A humorous look at getting older.  My memories are stronger than I am anymore.  Days blend and interconnect with the numbing routine of daily life.
Energy does not last long and a nap sounds really good right now.

MIDIMike

I ran into a gentleman
Who said he knew me well.
He was a nice looking man
But a stranger. As far as I could tell.

He asked me if I minded
Could he stop for a chat?
Taking the seat next to me
Someone new, I thought. Nothing wrong with that.

Recalling events in great detail
Forgotten, until now.
Still, he told me about buried times
I loved the most. Not sure exactly how.

Legs went numb, and I lost my breath.
He asked me to go for a walk.
For the first time I felt so
Small and afraid. In the mouth of a hawk.

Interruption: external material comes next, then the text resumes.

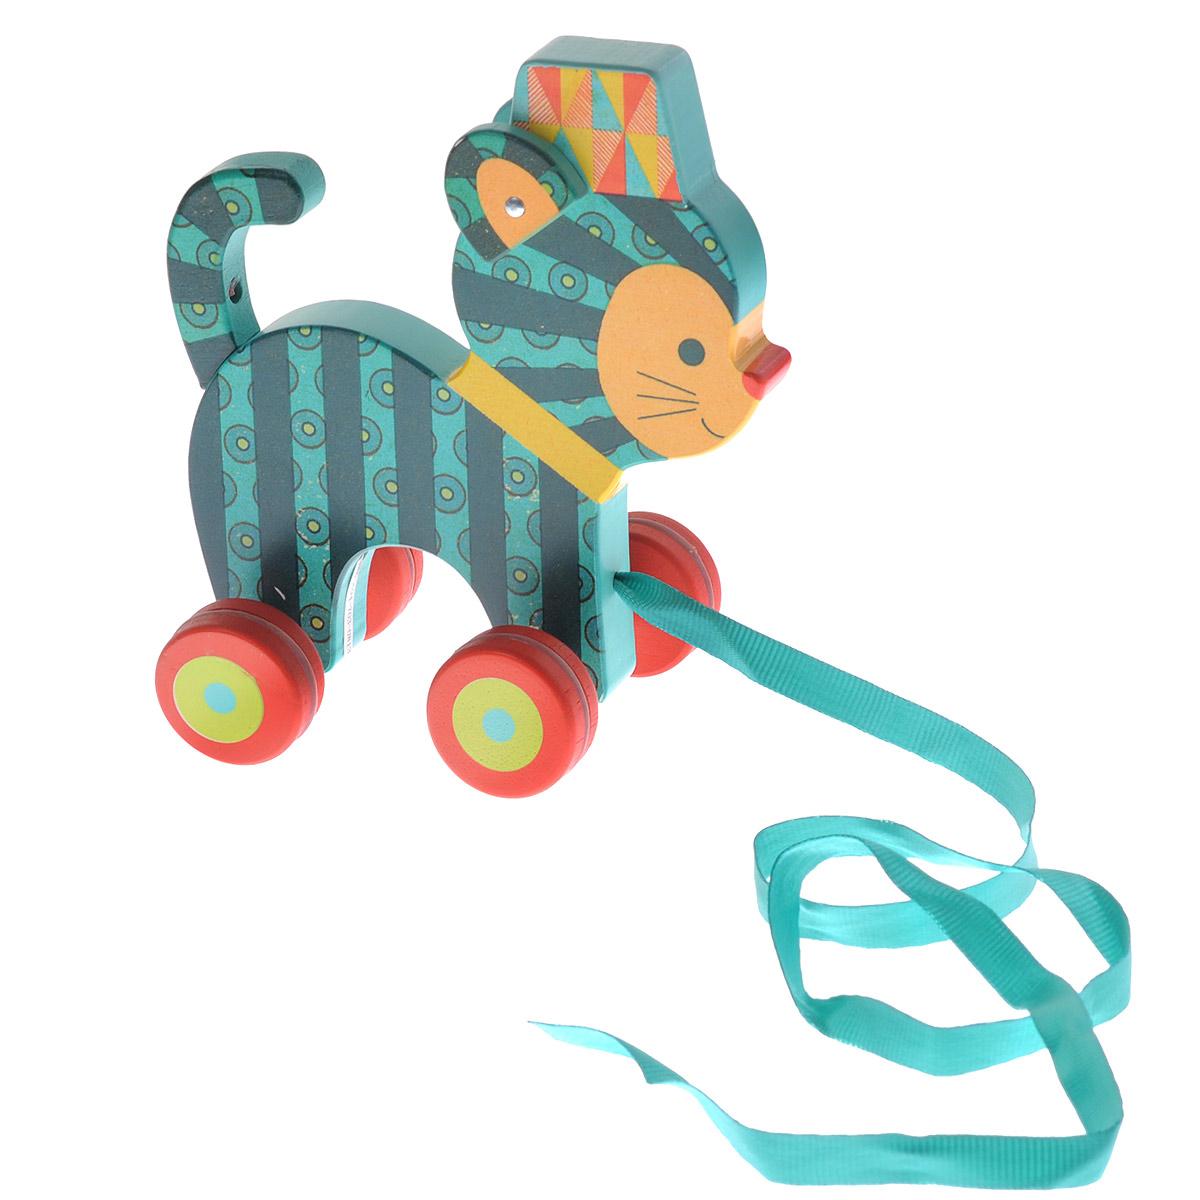 Djeco Деревянная игрушка-каталка Кот Ину купить акиту ину от японских родителей

Opened my eyes, eventually.
Safe, warm and snuggled in bed.
Somehow, I could repeat each of his stories
Feel every word he said.

I went back to the same seat
Hoping he would be there.
I’d be willing to listen to anything
If he was willing to share.

Walking towards me, he stopped.
Asked if he could sit down.
The parks are beautiful this time of year
As each of the leaves turned brown.

Again I started to panic
Time was slipping away.
Forgetting all I had learned and remembered
Only since yesterday!

On the floor, underneath my bed
Still trying to open my eyes.
Forget what is important; life becomes a trivia game.
But you won’t want The Prize.

This is a painful song and poem for me to listen to or read.  My younger brother battled throat cancer and other serious health problems.  After many similar health crisis, he was taken to ICU at our local hospital.  His cancer had eaten most of his throat (he had a feeding tube for a long time) and was ready to cause his main artery to critically tear and rupture.

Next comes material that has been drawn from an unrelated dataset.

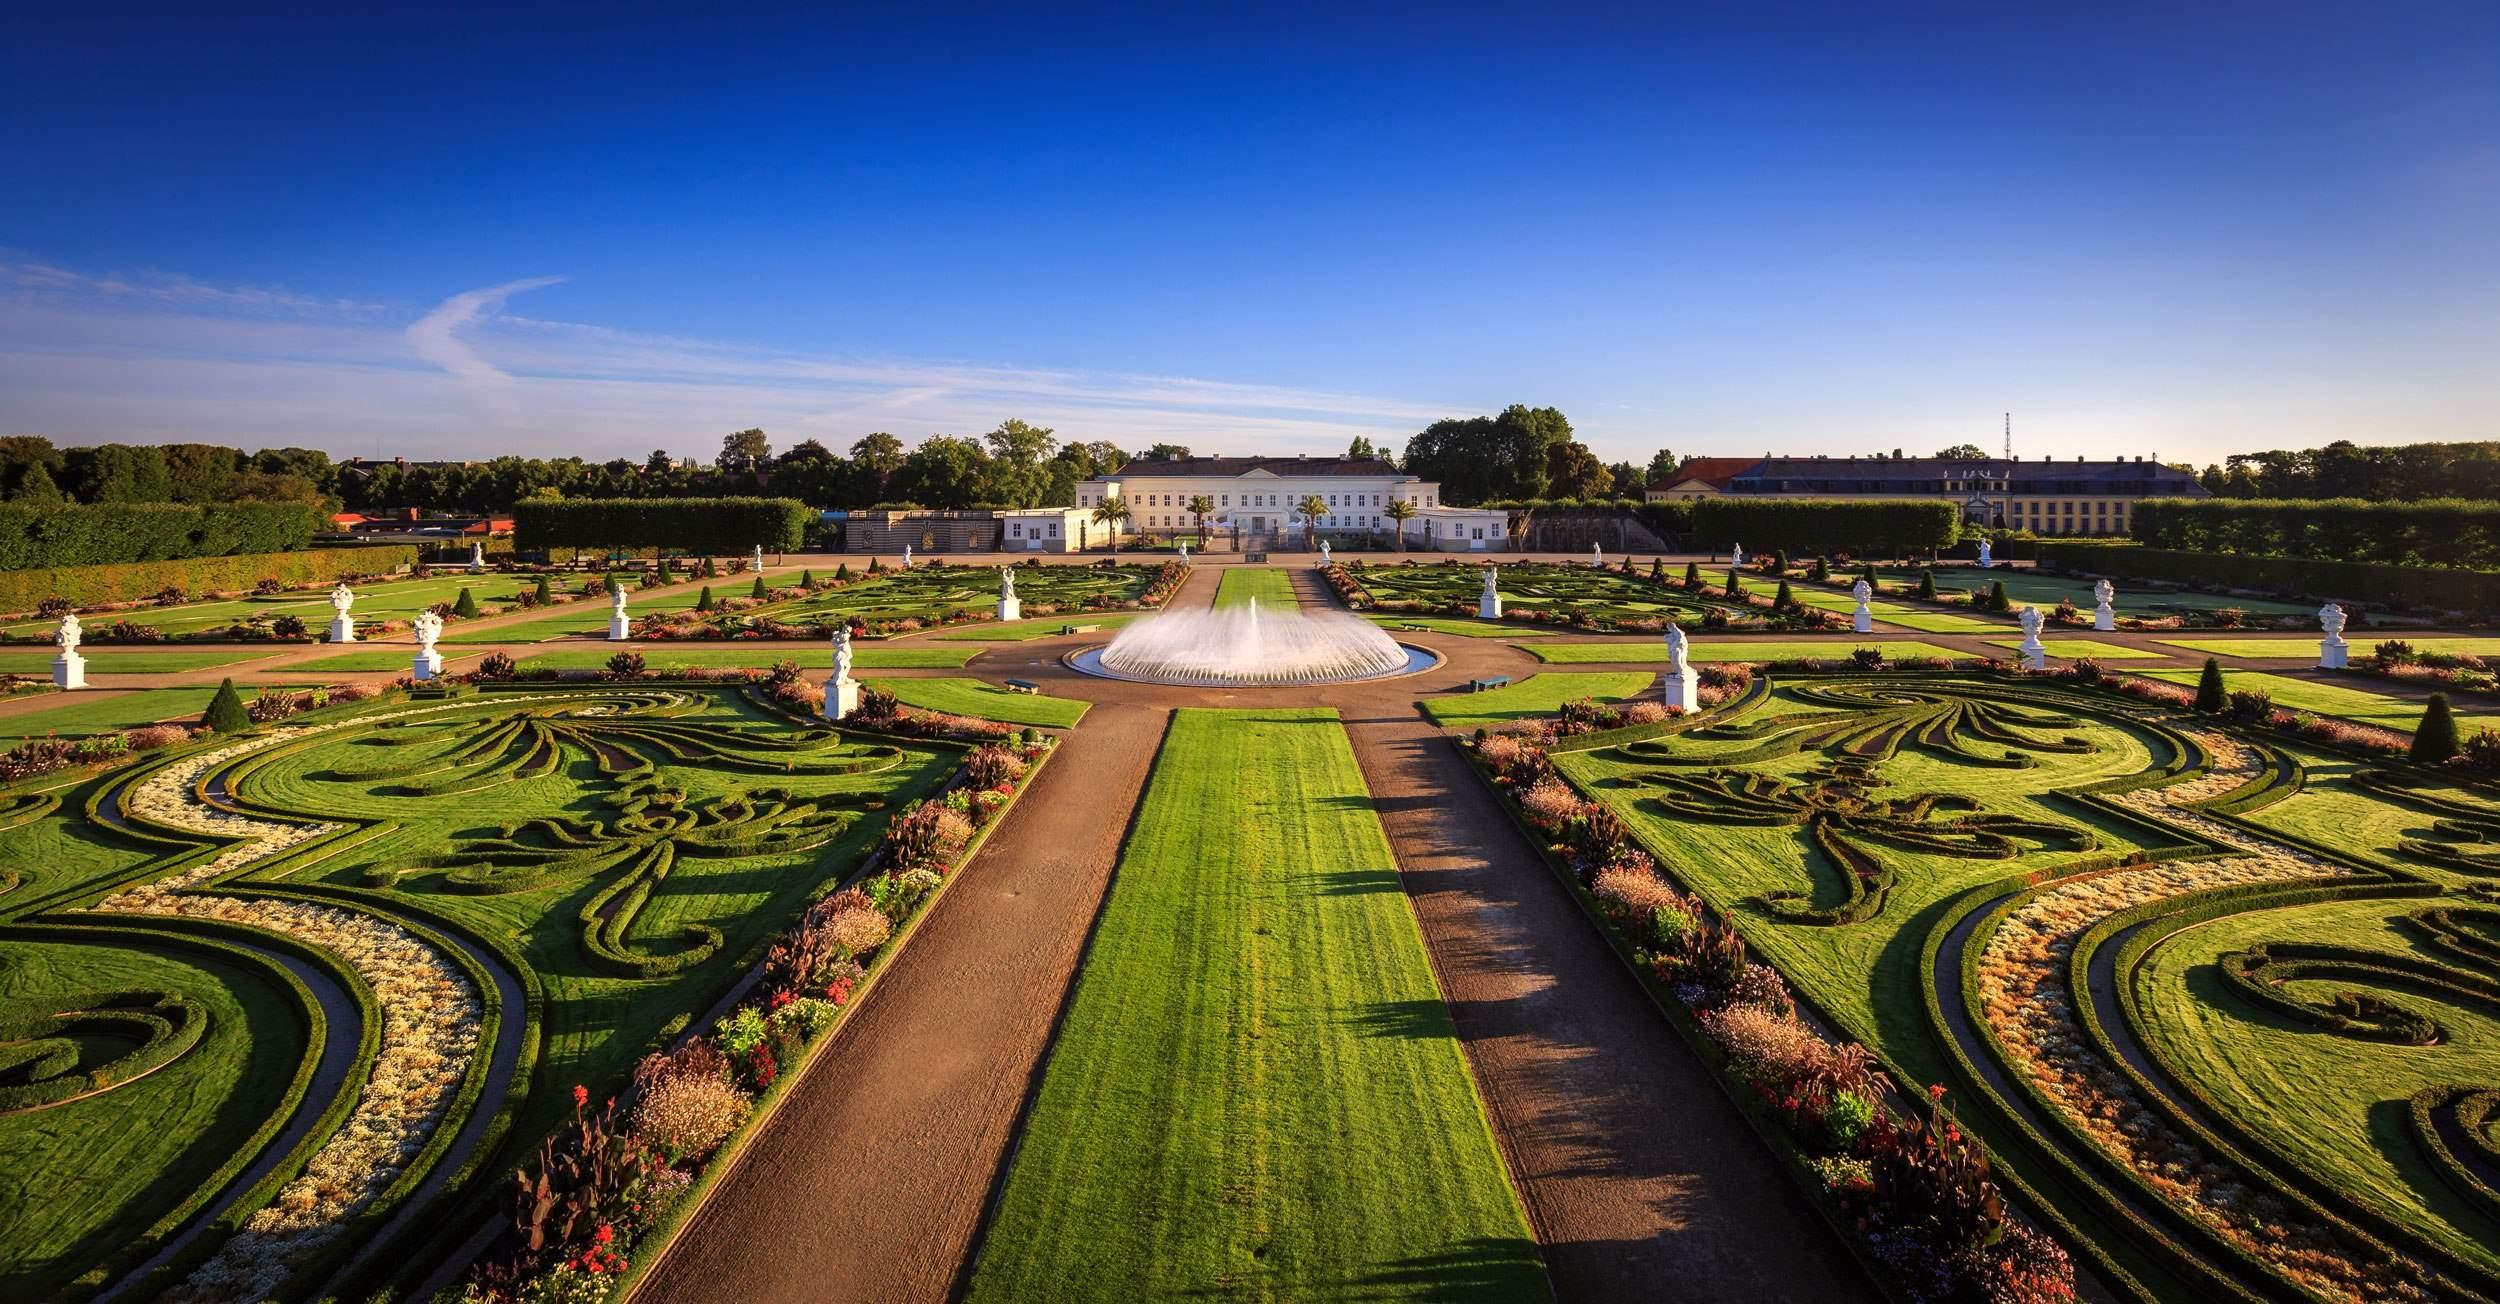 Herrenhäuser Gärten Das Beste Von Schloss Herrenhausen

He was medicated for pain as I told him where he was and what would happen soon; he would most likely not leave this room alive.  It was a moment that will not fade in my memory.  He was such a neat kid.  It got worse from there as they decided to ignore his posted DNR (Do NOT Resuscitate) order.

My father, mother and younger sister died a few years ago. My older sister died last November and my older brother that helped me write songs early in life has had multiple strokes and seizures and is now in an assisted living facility. 

It sucks being the only healthy one.